Больше других ему запомнился один случай. Это был год тридцать восьмой, то есть ему было уже пятнадцать.
В этот день она как раз пошла в кино с ухажером по имени Жоржик. Алеша шел за ними, но в зал не пошел – уже пробовал: следить за затылками оказалось неинтересно. Ждал у выхода. Смешался с толпой. В кино ходили в «Родину» на Семеновской, потом обычно шли пешком домой или по Яузе, или через Госпитальную. Сейчас они не пошли так, а отправились в другую сторону, к Благуше.
Щербаковская была неширокая улица – он шел по другой стороне чуть поодаль и видел, как Жоржик пытается обнять тетку за талию. Он был из недавних поклонников и еще не знал, что костыли не дают такой возможности. Тетка на ходу что-то сказала ему, он оставил попытки, положил руку на ходуном ходящие плечи, под которыми скрипели уключины костылей. Потом они свернули в переулок, к Хапиловке. Алеша заколебался: даже для жителей Госпитальной Хапиловка была опасным местом – преследование на сегодня можно было завершать. Но решил пройти еще чуть-чуть. Застал, когда они входили в парадное. Остановился, раздумывая. Из парадного вышла молодая бабенка, стала собирать белье, развешанное во дворе, остановила на нем взгляд. Он поспешно шагнул в парадное соседнего дома. Стал медленно подниматься по щербатым ступеням, раздумывая, что делать дальше. Между вторым и третьим этажом остановился, подошел к небольшому полукруглому окошку – оно было почти у пола. На третьем, наверное, жарили мясо – пахло очень вкусно. Ниже плакал ребенок, совсем маленький. Уронили со звоном какой-то предмет, громко заругался женский голос. Потом хлопнула дверь, кто-то медленно, шаркая, пошел вниз. Он нерешительно тоже сделал несколько шагов уходить, но по уже выработавшейся привычке использовать на предмет «видно – не видно» любые окна и щели, наклонился и глянул в окошко.
Сразу увидел тетку. Она тоже стояла у окна в доме напротив ниже этажом и смотрела вверх – как будто на него. Он отпрянул. Шаги тем временем дошаркали до него, остановились. Это был дядька в растянутой майке и очень старых галифе, пьяный. Он погрозил Алеше пальцем и, качнувшись, пошел дальше. Алеша осторожно, сбоку, подошел к окну, опустился на колени, оперся рукой о грязный пол.
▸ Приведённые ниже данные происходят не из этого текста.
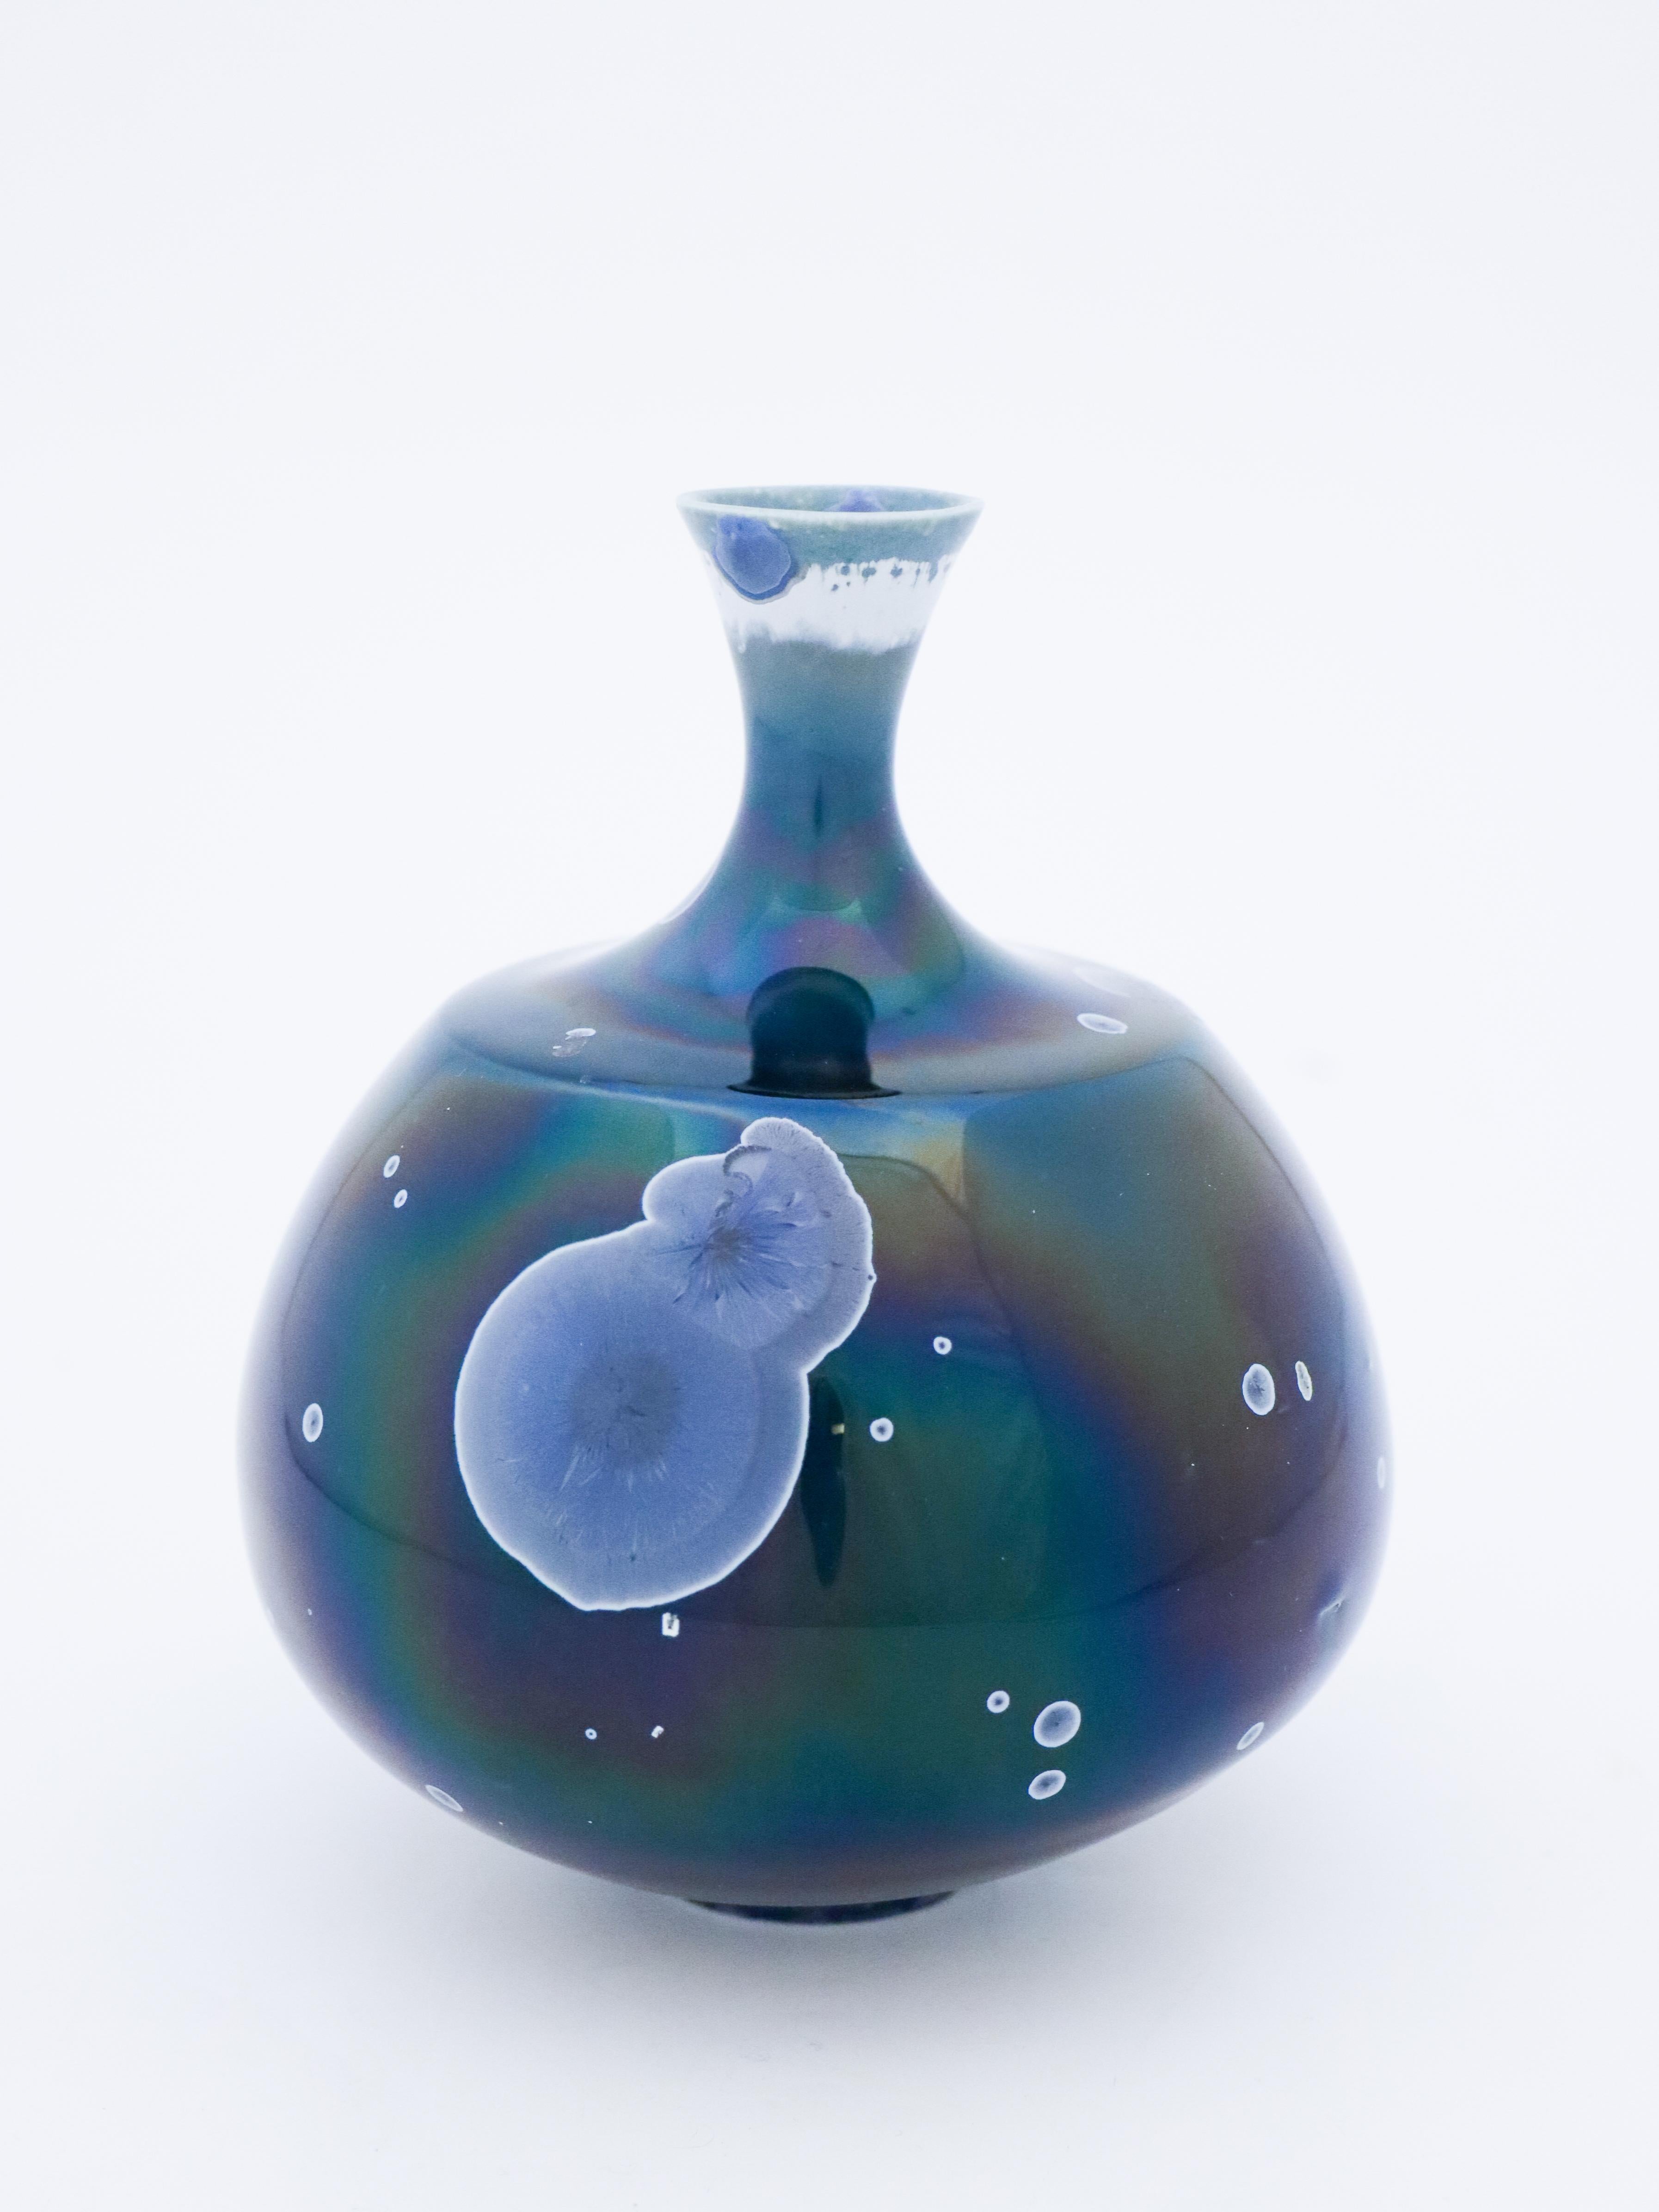 A unique vase in a Dark Blue metallic-tone with a lovely crystalline glaze created by the contemporary Swedish artist Isak Isaksson in his own studio. The vase is 15.5 cm (6.2

Тетку, видимо, позвали из глубины комнаты – она оглянулась и отошла от окна. Возник Жоржик с подносом – на подносе бутылка и миски с закуской. Она села за стол. Жоржик опять вышел и вернулся с кирпичом хлеба, стал резать. Сидели, смеялись, разговаривали.
Алеша уже было заскучал, тем более что от мелких камешков и щепок на грязном полу, которые вдавились ему в колени, стало больно, и собрался уходить. Он боялся быть застигнутым за наблюдением и все время прислушивался к звукам в подъезде – не хлопнет ли дверь, не пойдет ли кто по лестнице.
Но тут случилось нечто, неожиданно поразившее его. Очевидно, Жоржика позвали – он, полуобернувшись в сторону двери, что-то крикнул, нахмурился, крикнул опять, потом встал и, мимоходом погладив тетку по шее – та засмеялась и махнула на него платочком – вышел из комнаты. Тетка осталась сидеть. Алеша видел, как она сразу ссутулилась, опершись руками о края стула, потом выпрямилась, запустила руки себе за ворот, поправляя бретельки бюстгальтера. Повертела головой, разглядывая комнату. Жоржик все не шел. А потом она стала ковырять в носу.
Вот это было абсолютно естественно – и абсолютно невозможно. Она ковырялась в носу, как он, как, наверное, все люди на земле – наедине с собой, и как четырехлетние Зейка и Татка из соседнего барака – явно, но она была женщина, взрослая, желанная, которая только что культурно пила чай и флиртовала, и вот так обыденно, в ряду прочих действий, запустить себе палец в нос, извлечь из него козявку и, недолго думая, вытереть палец, прилепив ее снизу к крышке стола?
Алеша медленно поднялся. Ему стало не то чтобы противно, но степень откровенности чужой жизни, свершившейся перед ним, превысила допустимое и возможное. Он машинально отряхнул брюки, очистил руку от прилипшего мусора и стал спускаться по лестнице, все быстрее и быстрее. По Щербаковской он уже шел очень быстро, почти бежал, неотцепленная щепка с грязного пола висела на его штанине, на руке остались синеватые вмятины. Он потерял границу.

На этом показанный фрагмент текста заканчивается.